Prediction #1 Although we may use fewer intraoral images, both bitewing and periapical, and even with advances in panoramic techniques and software that can replace some intraoral images, we still will need the higher resolution capability of film or digital intraoral images for high-risk “caries patients” to see the earliest lesions. Cone beam imaging will not replace intraoral or panoramic.
Question #2: Will tomography or panoramic imaging technique be replaced by CBVT?
My response to this question is a hearty “Yes”! Although tomographywas considered “state-of-the-art” for implant planning, even with the best machines and tomographic programs that are available in some panoramic machines, the technique is “labor intensive” once again. Despite the acceptable quality that these images may have, they cannot be made thin enough to precisely locate the alveolar crest in many cases. The technique’s magnification factors with either dedicated tomography or panoramic tomography programs must always be considered. Clinicians still have to factor in these technique parameters and leave the traditional 2 mm of “safety margin.” With CBVT the measurements are accurate to within 1/10 mm in most software. And, all structures are rendered in a 1:1 ratio in the image reconstruction software. The margin of error is more precise with CBVT. You can “recapture” 1 to 1.5 mm of space that might mean the difference between being able to place a fixture and not being able.
As an aside, many clinicians first encountering CBVT images, and stuck in their conventional imaging techniques, confuse the term 1:1 ratio with their perception of “life size!” If the structures are rendered in a precise 1:1 ratio, we can make the image of an implant site into an 8- × 11-inch glossy print. And if the measured length says 12.2 mm, it IS 12.2 mm to within 1/10 of a millimeter! You do not have to use tiny little transparency overlays with implant icon fixtures over a tiny little image of the mandible or maxilla. Those days are gone! That is not the “state-of-the-art” any longer. Images like that in Fig. 4 illustrate this point.

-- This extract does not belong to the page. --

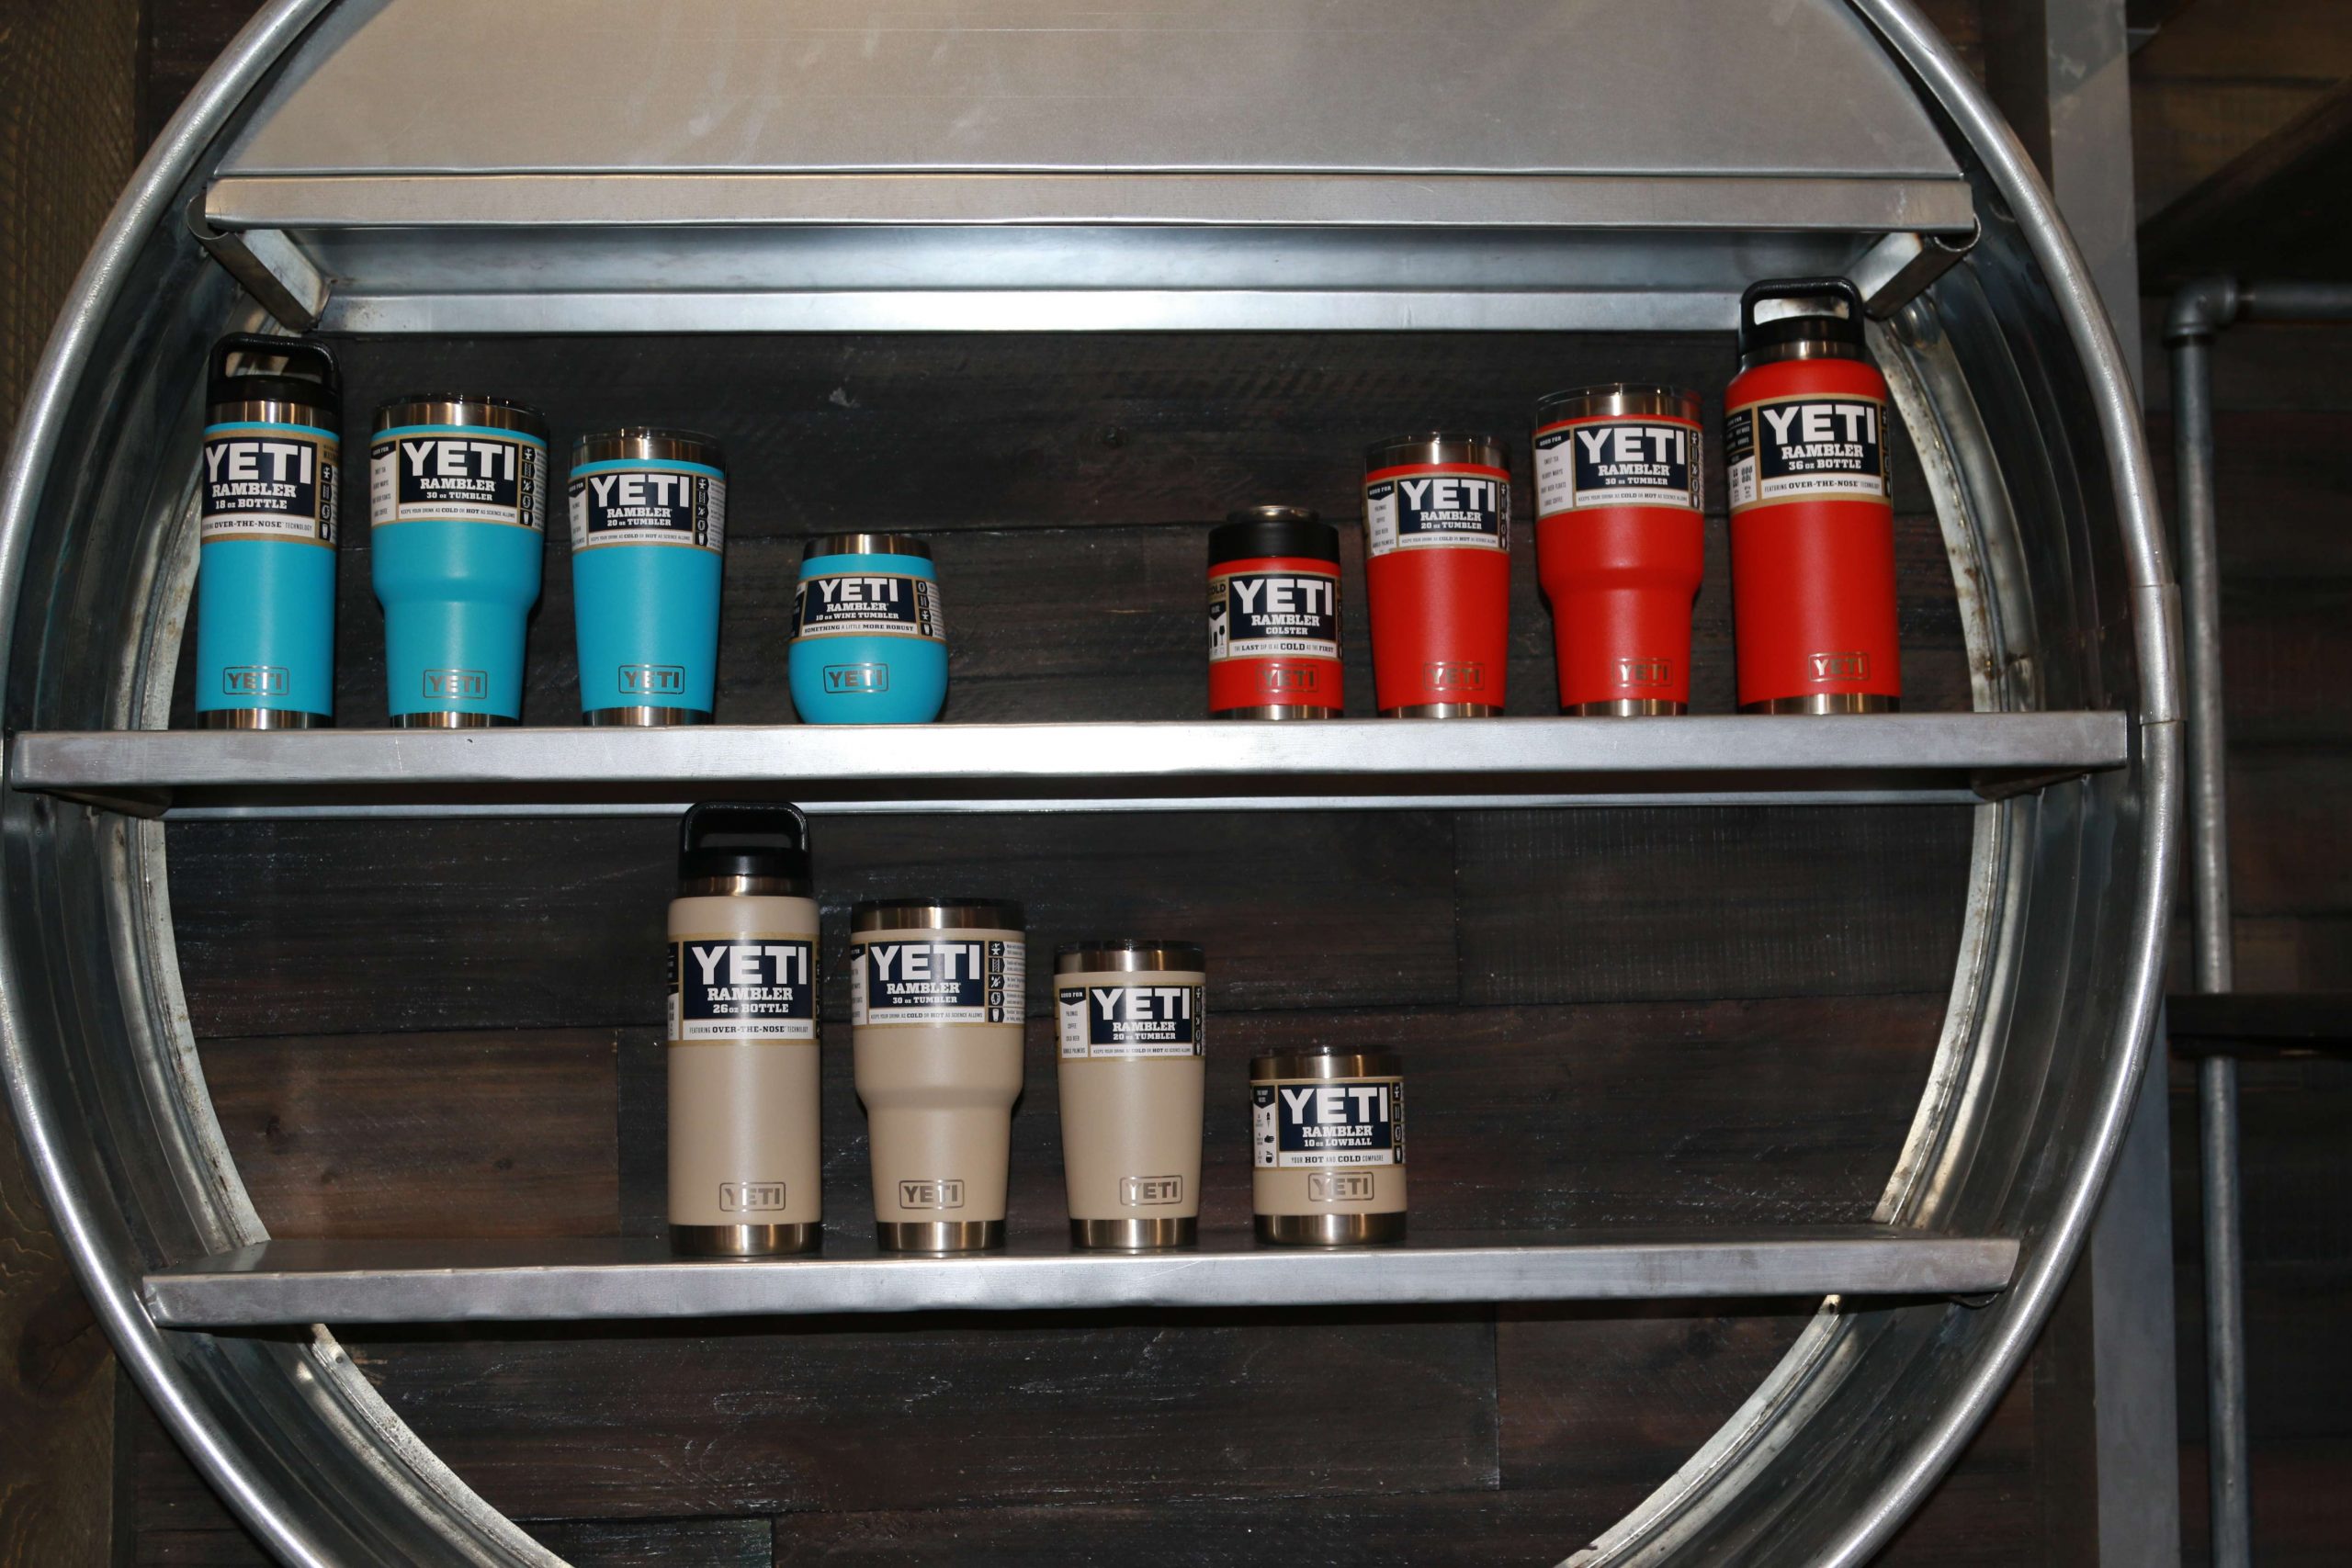 Check out those sweet new colors for the YETI Ramblers.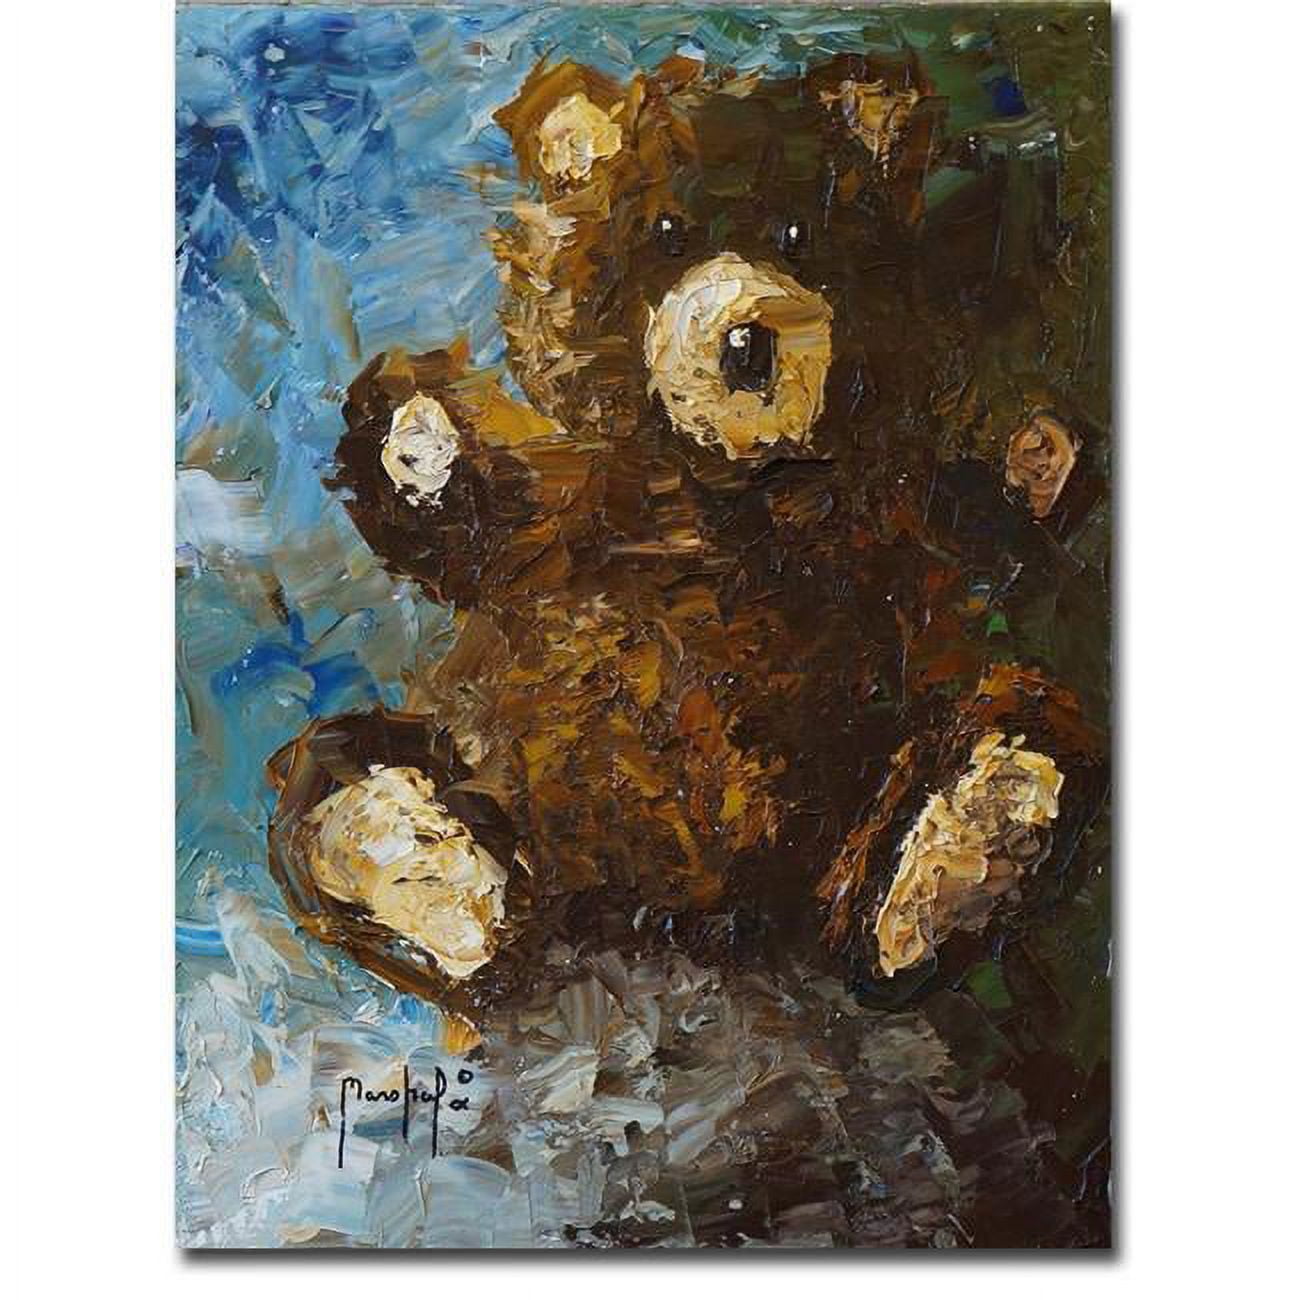 1216896tg Teddy Bear By Joseph Marshal Premium Gallery-wrapped Canvas Giclee Art - 16 X 12 In.

As for panoramic imaging remaining a “standard of care,” I can state this. In my opinion it really was never a standard of care. Clinicians, including oral and maxillofacial surgeons, were placing themselves at some risk for using a panoramic image as the sole radiographic means of implant site assessment. Some still do. Now that CBVT has become so widely available, the use of a panoramic image, with the myriad of positioning errors made and the lack of the cross-sectional information cannot be justified. Anyone who persists using this image as their only image for implant site evaluation will have a serious liability issue in my opinion. Fig. 5 A–D show the improved information available with CBVT technique software.
Prediction #2 CBVT will replace conventional tomography as the “standard of care,” and should now be used in place of panoramic imaging to assess any implant site.